4. Compare information between Hspg2-related genes.

Function: Mouse, human, C. elegans, and Drosophila genes have conserved roles in cell adhesion, and signal transduction of growth factor signaling pathways.

Additional functions are reported in different model systems. Phenotypes in human SJS1 and DDSH patients, and disease mouse models, implicate roles for HSPG2 in neuromuscular function and cartilage formation. Drosohphila trol plays a role in neuroblast division. C. elegans unc-52 likely regulates muscle function.

Properties unique to different organisms may be attributed to unique protein domains. For example, human and mouse have a SEA domain that is not conserved in the Drosophila and C. elegans genes, and Drosophila trol bears a C-5 specific cytosine DNA methylases active site. Alternatively, perhaps appropriate experiments have not yet been done to identify those specific properties in other model systems.

Expression: While mouse Hspg2 expression is nearly ubiquitous, expression of Drosophila and C. elegans genes is predominantly in muscle. Within the cell, these genes localize to the basement membrane. Expression of ESTs corresponding to zebrafish predicted protein LOC565429 are localized to heart and genitourinary tissues.

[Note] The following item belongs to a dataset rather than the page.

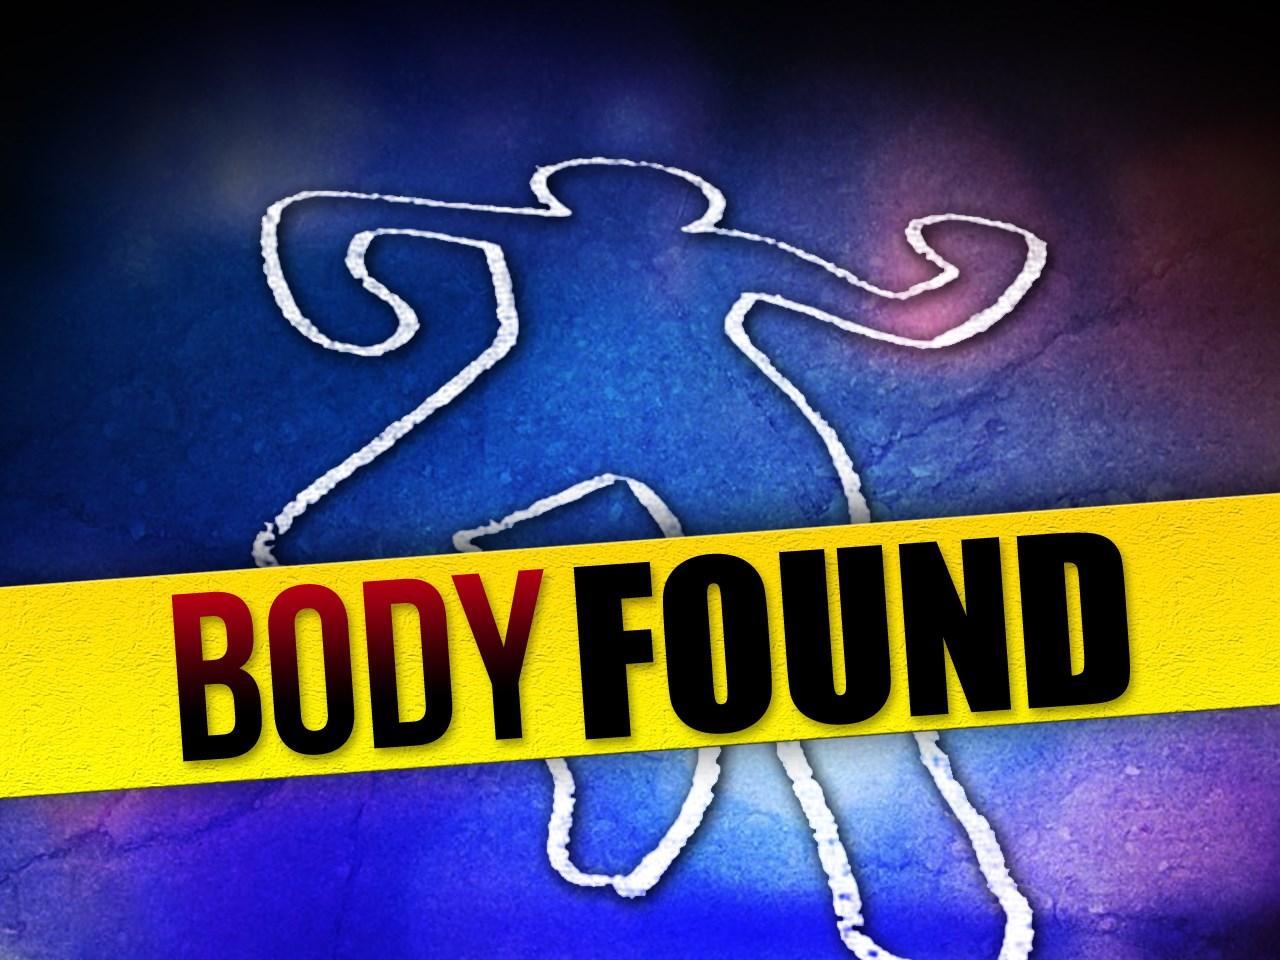 body found in yankton

Protein domains: See I-F-1.

Synteny: Human, and mouse Hspg2, and mouse predicted protein LOC100047061 have conserved synteny. Therefore LOC100047061 must be Hspg2. Zebrafish predicted protein LOC565429 does not have conserved synteny. Because of the signifciant evolutionary distance, synteny between zebrafish and mouse/human orthologs are not necessarily conserved.

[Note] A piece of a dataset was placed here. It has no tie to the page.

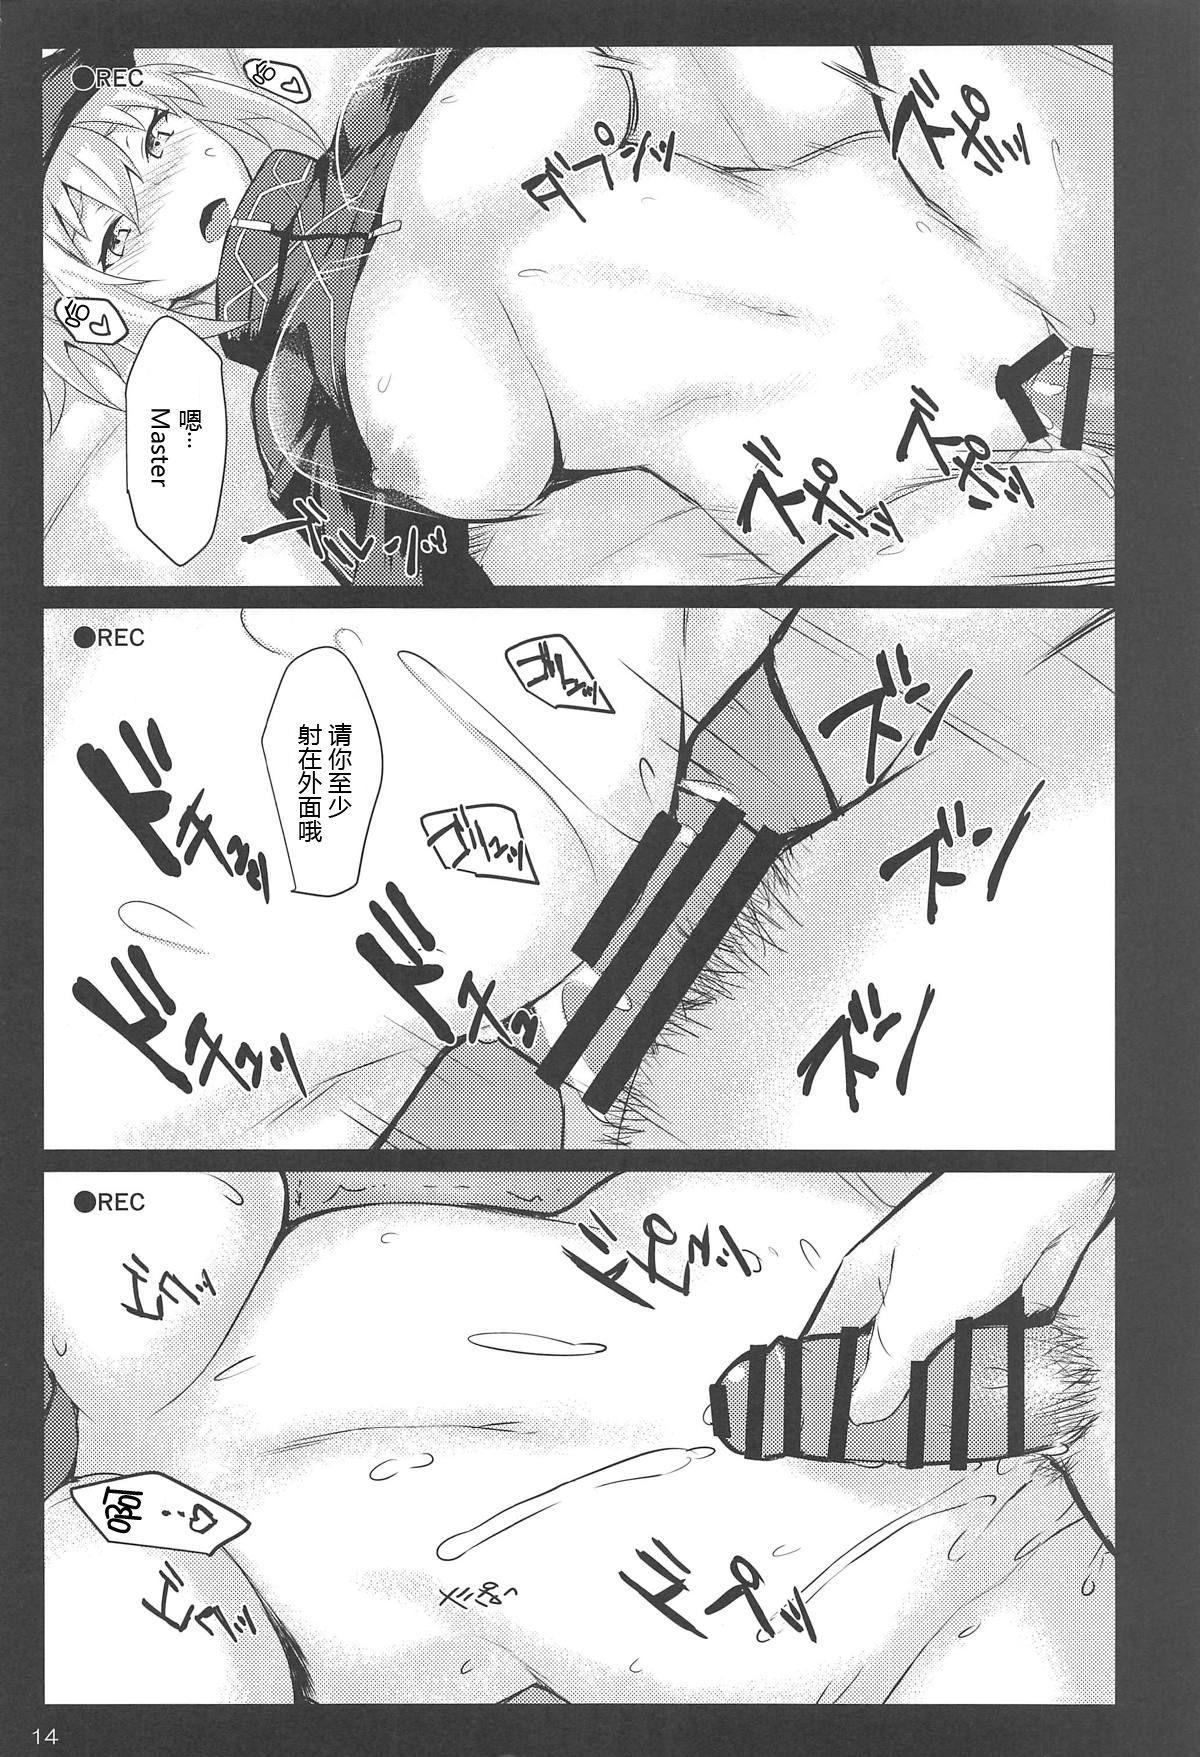 Beit Kankaku de Yarasete Kureru XX Layer-san 11

Human/mouse Hspg2, Drosophila trol, and C. elegans unc-52 are likely functional orthologs in muscle. Whether zebrafish LOC565429 is also a functional ortholog awaits cloning of the entire gene, and further experiments. Reagents readily available in mouse, Drosophila, and C. elegans are available for further study.

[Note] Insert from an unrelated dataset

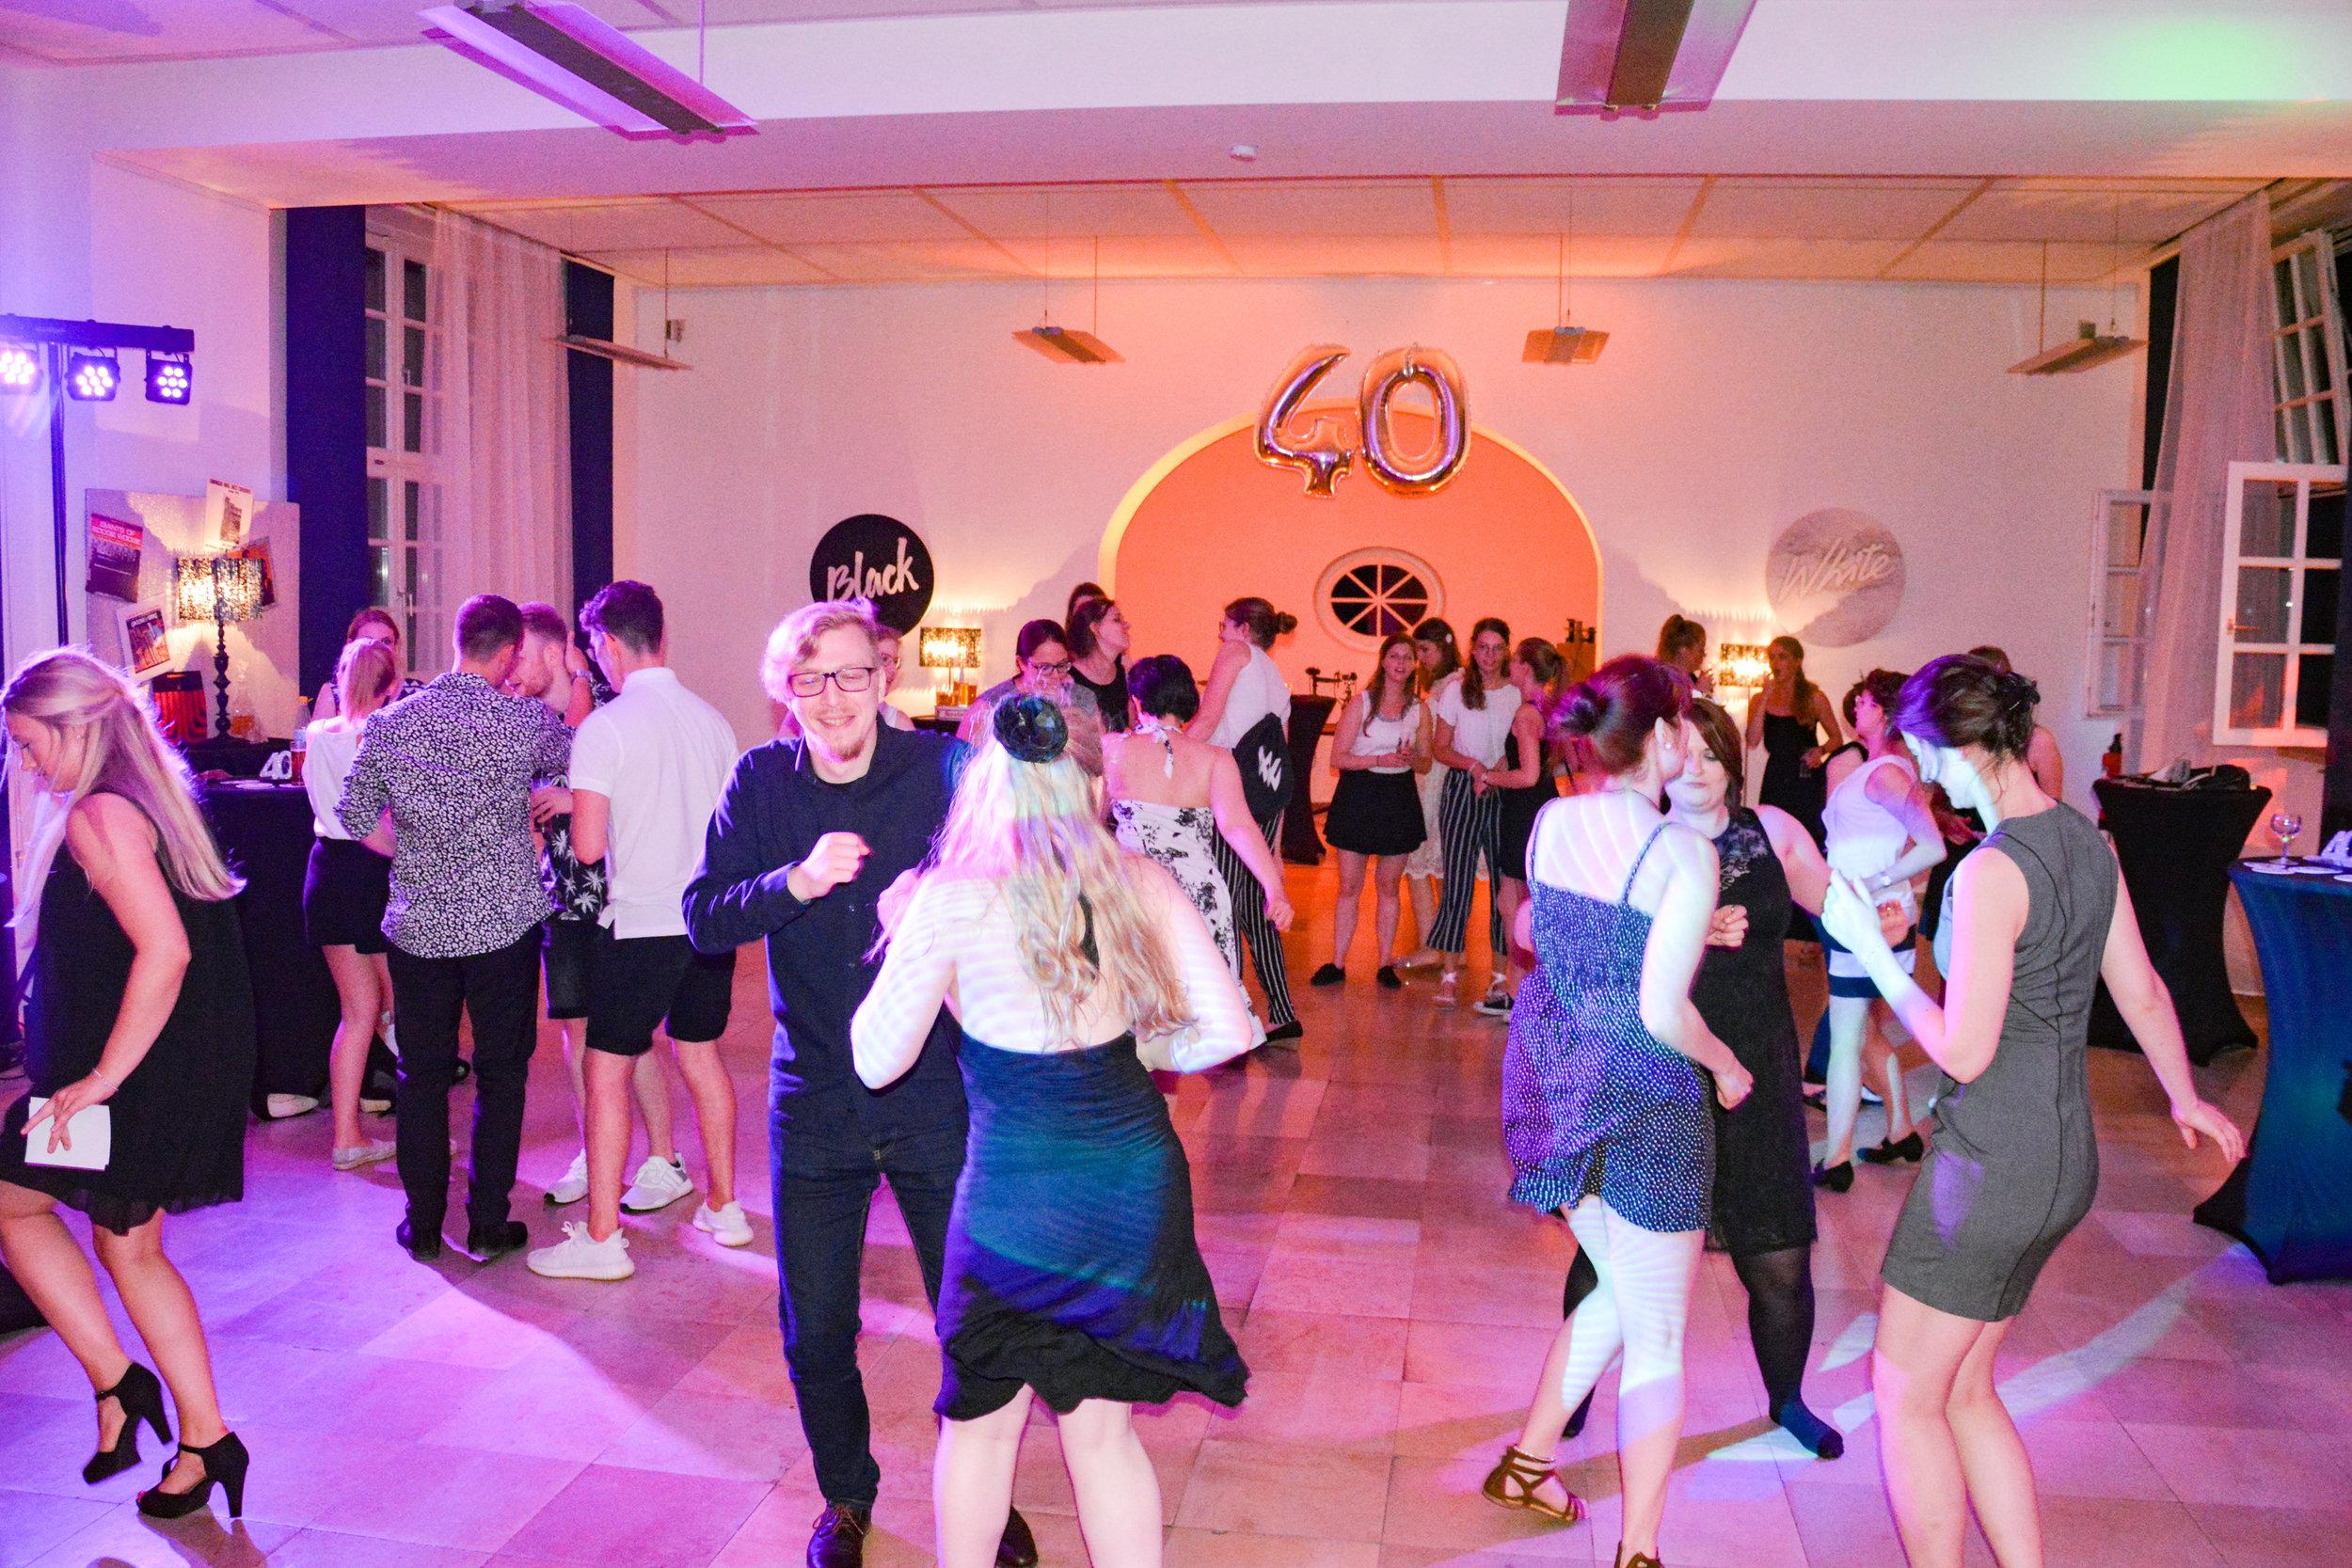 20190626_Akademie_40-jähriges_Jubiläum_Party_kl-0177.jpg

Bioinformatics searches outlined in section II can be performed to determine the evolutionary relationship between the genes.


A Drosophila enhancer trap screen has identified a line with an intriguing expression pattern in muscle cells and somatic muscle primordia. The insertion is in a gene with accession number CG10641. The gene is relatively uncharacterized. Presented here are ways to exploit bioinformatics for more information (Fig. 1).

A. What Is Known About Drosophila CG10641?

Perform FlyBase search for CG10641 (see I-E-2). Results sampled from FlyBase: Function: CG10641 is a calcium-binding protein involved in mesoderm development. No phenotypes are reported.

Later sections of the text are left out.